Deleted Forum

(Personal Statement Examples, Advice, Critique, . . . )
Post Reply
Anonymous User
Posts: 428551
Joined: Tue Aug 11, 2009 9:32 am

Deleted

Post by Anonymous User » Mon Sep 10, 2012 6:03 pm

deleted
Last edited by Anonymous User on Tue Oct 09, 2012 4:32 pm, edited 2 times in total.

Anonymous User
Posts: 428551
Joined: Tue Aug 11, 2009 9:32 am

Re: 1st draft fragment. Is there something here worth expanding?

Post by Anonymous User » Tue Sep 11, 2012 1:05 pm

Bump

User avatar
Cobretti

Gold
Posts: 2593
Joined: Tue Aug 21, 2012 12:45 am

Re: 1st draft fragment. Is there something here worth expanding?

Post by Cobretti » Tue Sep 11, 2012 1:23 pm

I think it may be a useful anecdote, but probably not more than half a page. I think it would be really important to see how you connect this to excelling in law school before I could really say.

If you are trying to say you work well under pressure I would emphasize that more from the beginning. Focus more on your actions during the event, if this story is worth telling an adcomm its only to see how you reacted in it. It sounds like a terrible situation, and I hope lilly was OK, but unless they can take away from the story that you reacted in a way that makes them want to admit you, it doesn't really serve a purpose. I'd try re-writing it real quick with a stronger emphasis on your actions during the event, how you managed the stress of it and stayed strong for your kids, etc.

Also I really like your writing style, you paint a very vivid picture of the event. Use those skills to focus on you more and it could be great.

User avatar
CorkBoard

Gold
Posts: 3216
Joined: Sat Sep 03, 2011 6:05 pm

Re: 1st draft fragment. Is there something here worth expanding?

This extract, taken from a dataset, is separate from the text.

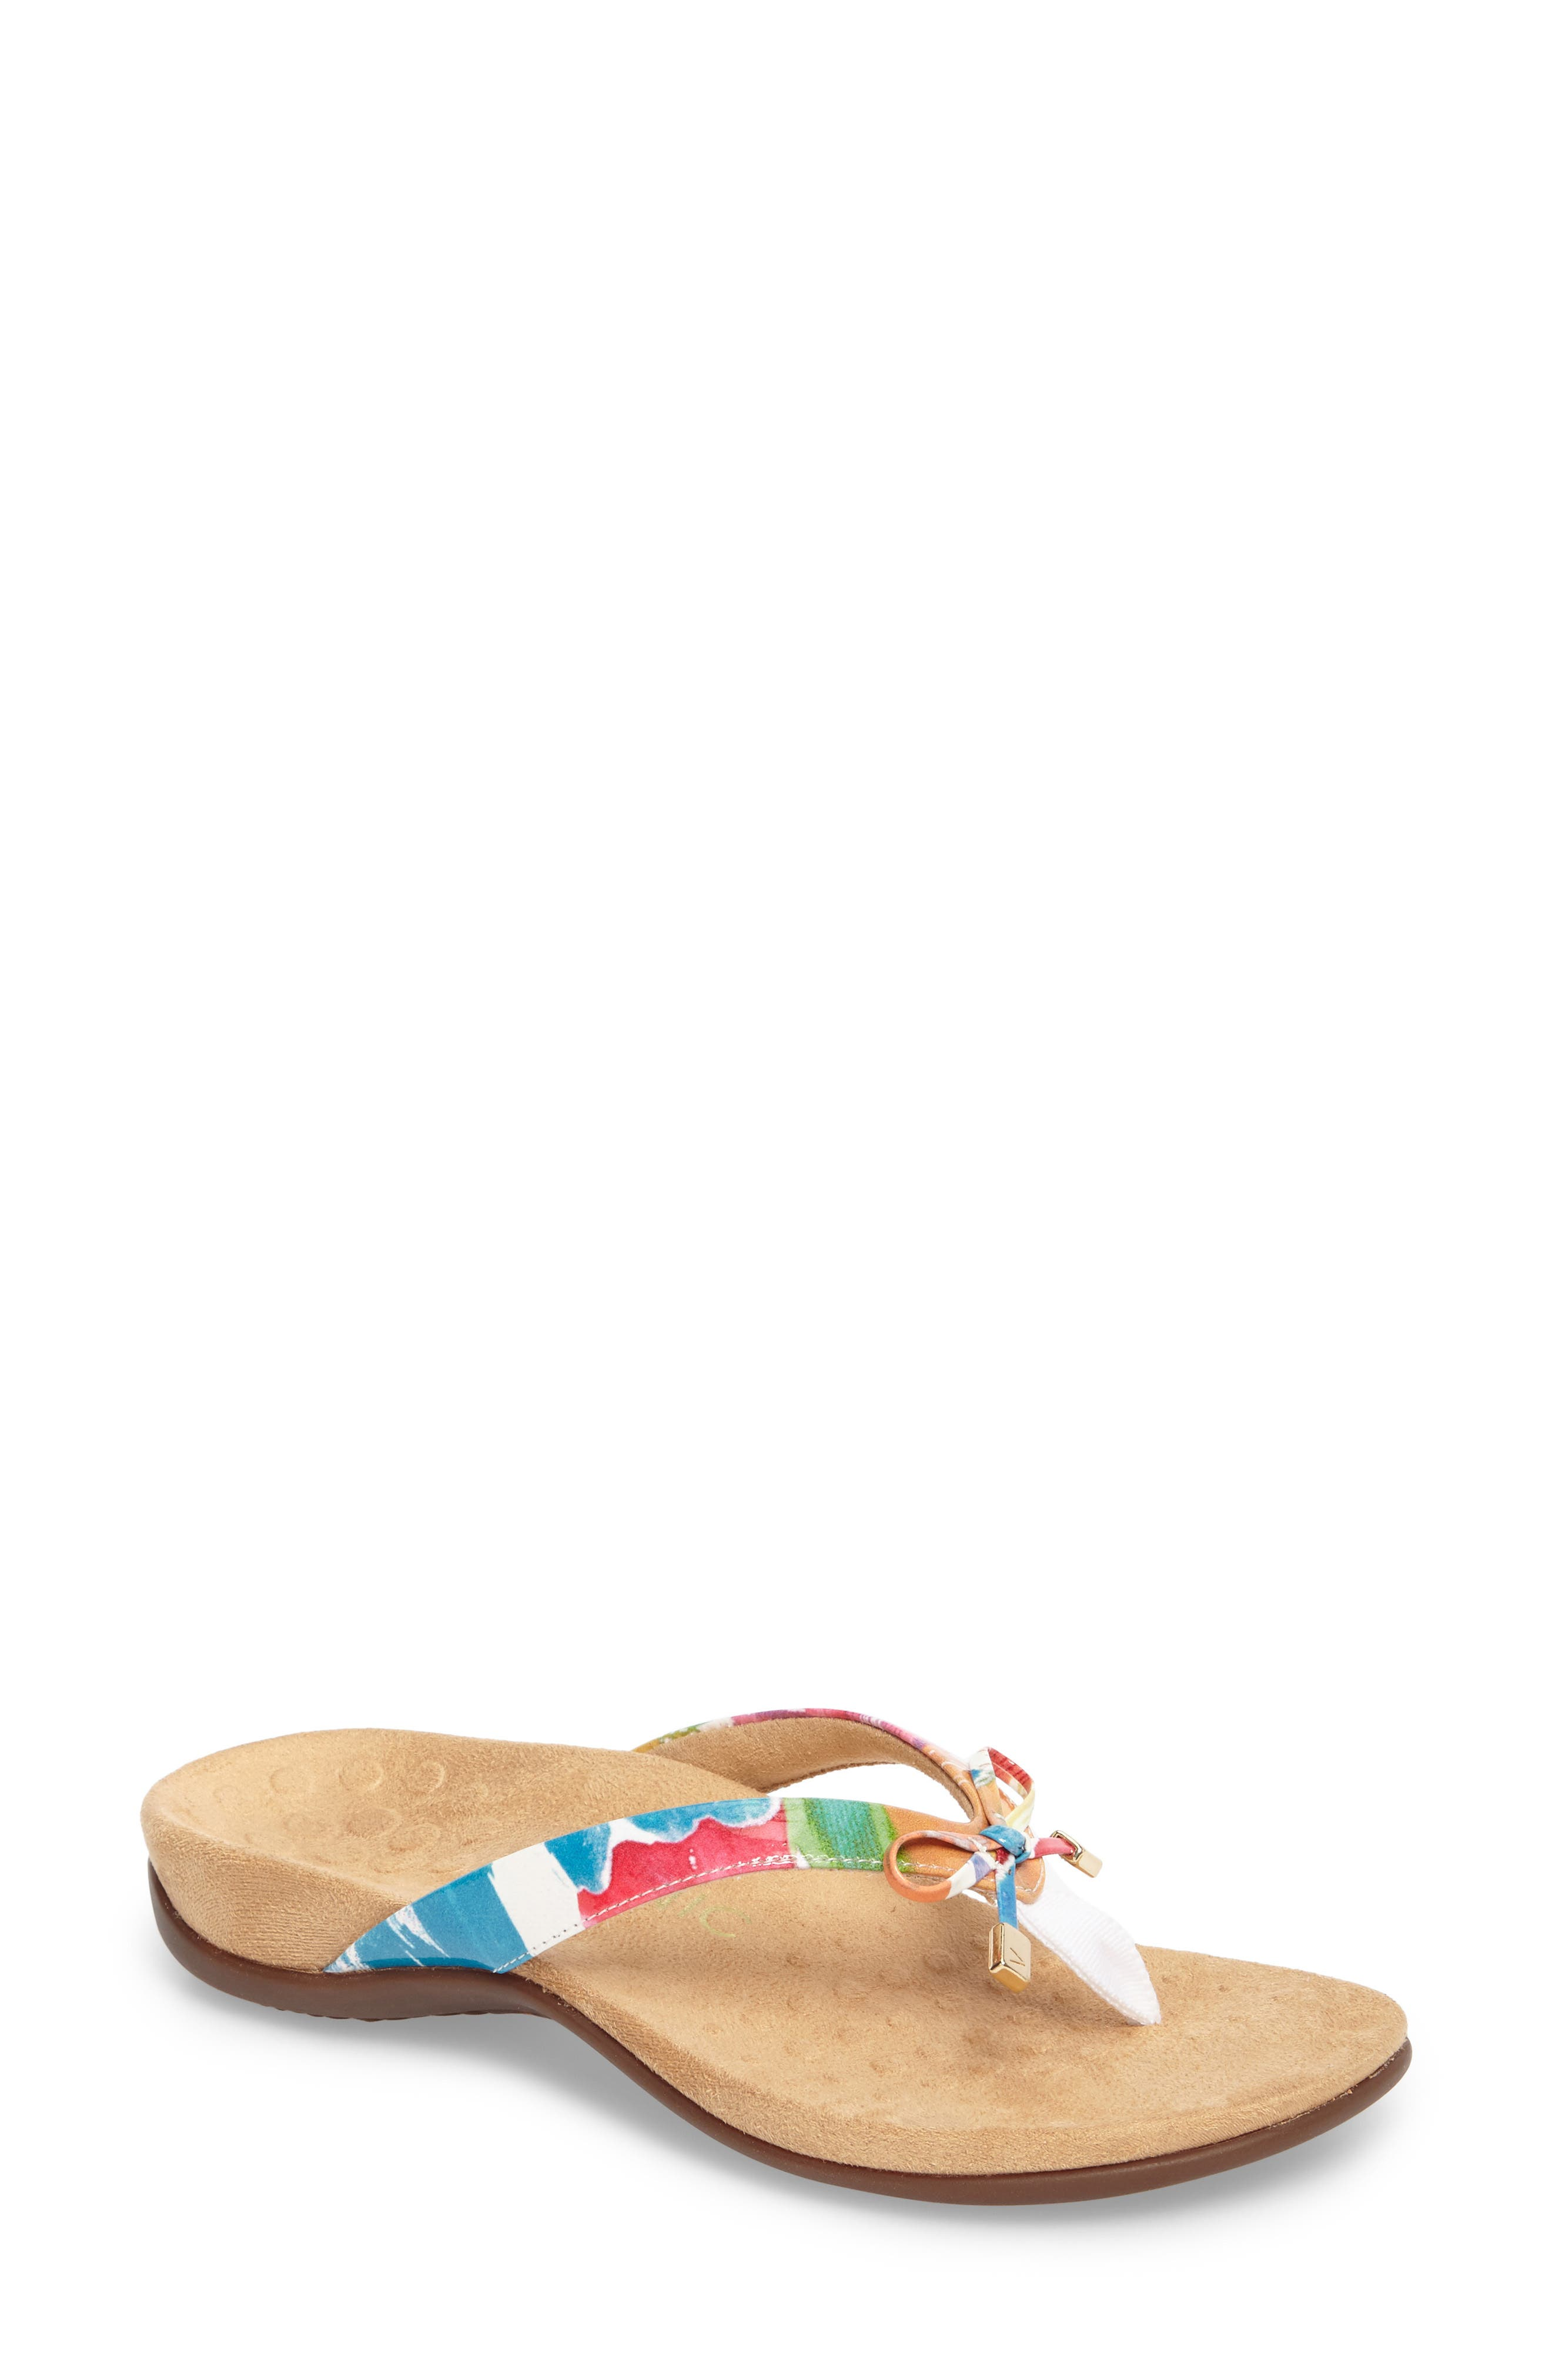 'Bella II' Sandal,                         Main,                         color, WHITE FLORAL FAUX LEATHER

Post by CorkBoard » Mon Sep 17, 2012 10:49 pm

Anonymous User wrote:Tears well up in my eyes, head in my hands, pain radiating from what will be diagnosed as compression fractures of both index fingers in the morning. I hope I have done all I can; her fate is in the hands of the surgeons now. My daughters, aged 10 and 6, are shell-shocked and I cannot hold them because I am covered in Lily’s blood. The vet had never seen a case as bad as Lily’s before with the dog surviving. At 4 months of age, it is woefully too short of a life to have led.

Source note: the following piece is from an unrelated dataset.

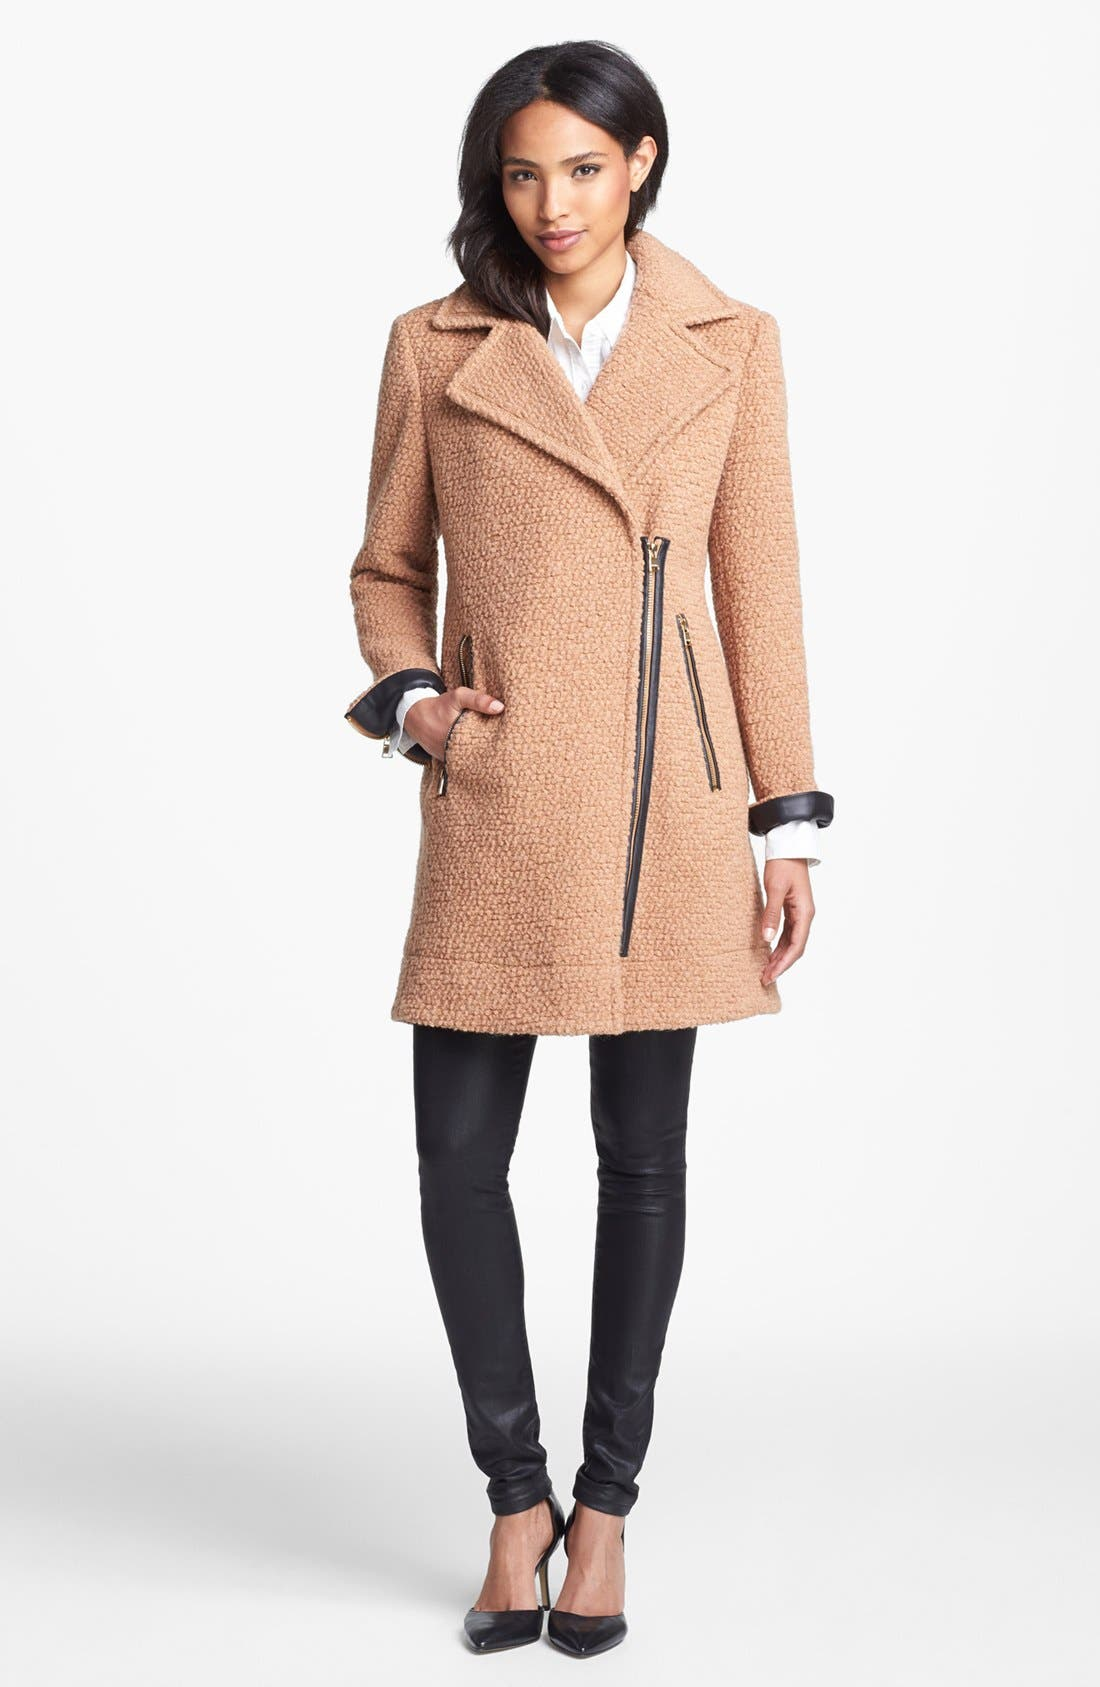 Alternate Image 1 Selected - Calvin Klein Asymmetrical Bouclé Jacket

An hour earlier, I had come home from work to find the girls in bed for school in the morning, my husband sitting on the sofa watching the 10 o’clock news, and Lily sitting awkwardly on the loveseat licking her belly where the spay incision from three days ago was. Like a zipper had been pulled dark pink started to peek out from the top of her incision. I rushed over and grabbed Lily by the neck to keep her from chewing on her intestines that had spilled out of her now gaping incision. I screamed for Jason to wake the girls, we couldn’t leave them sleeping at home when we went to the emergency vet hospital. En route, confused and in pain, Lily had bitten my hands that were wrapped around her throat to try to get to her intestines. Seven minutes after Lily’s incision popped open, we were pulling into the parking lot of the 24-hour emergency vet hospital. My khaki pants were stained almost totally crimson from being soaked in Lily’s blood. As I carried Lily into the waiting room, the vet tech gasped at the severity of her wounds. Helping hands hurried into action and Lily was rushed back behind closed doors to be stabilized. It is only after the immediate crisis has ended that I allow myself a moment to exhale.
This is way too dramatic, honestly. It needs to be toned down. That being said, it is POSSIBLE that you could write about it, but it's not DEFINITE that this would be a good topic because you only wrote out two paragraphs that literally say tell us nothing more than XYZ event happened. A lot of people write about a lot of different things, but this isn't really developed enough for a concrete "yes, this is worth writing about".

hamsamitchguy03

New
Posts: 56
Joined: Sat Feb 12, 2011 12:30 pm

Re: 1st draft fragment. Is there something here worth expanding?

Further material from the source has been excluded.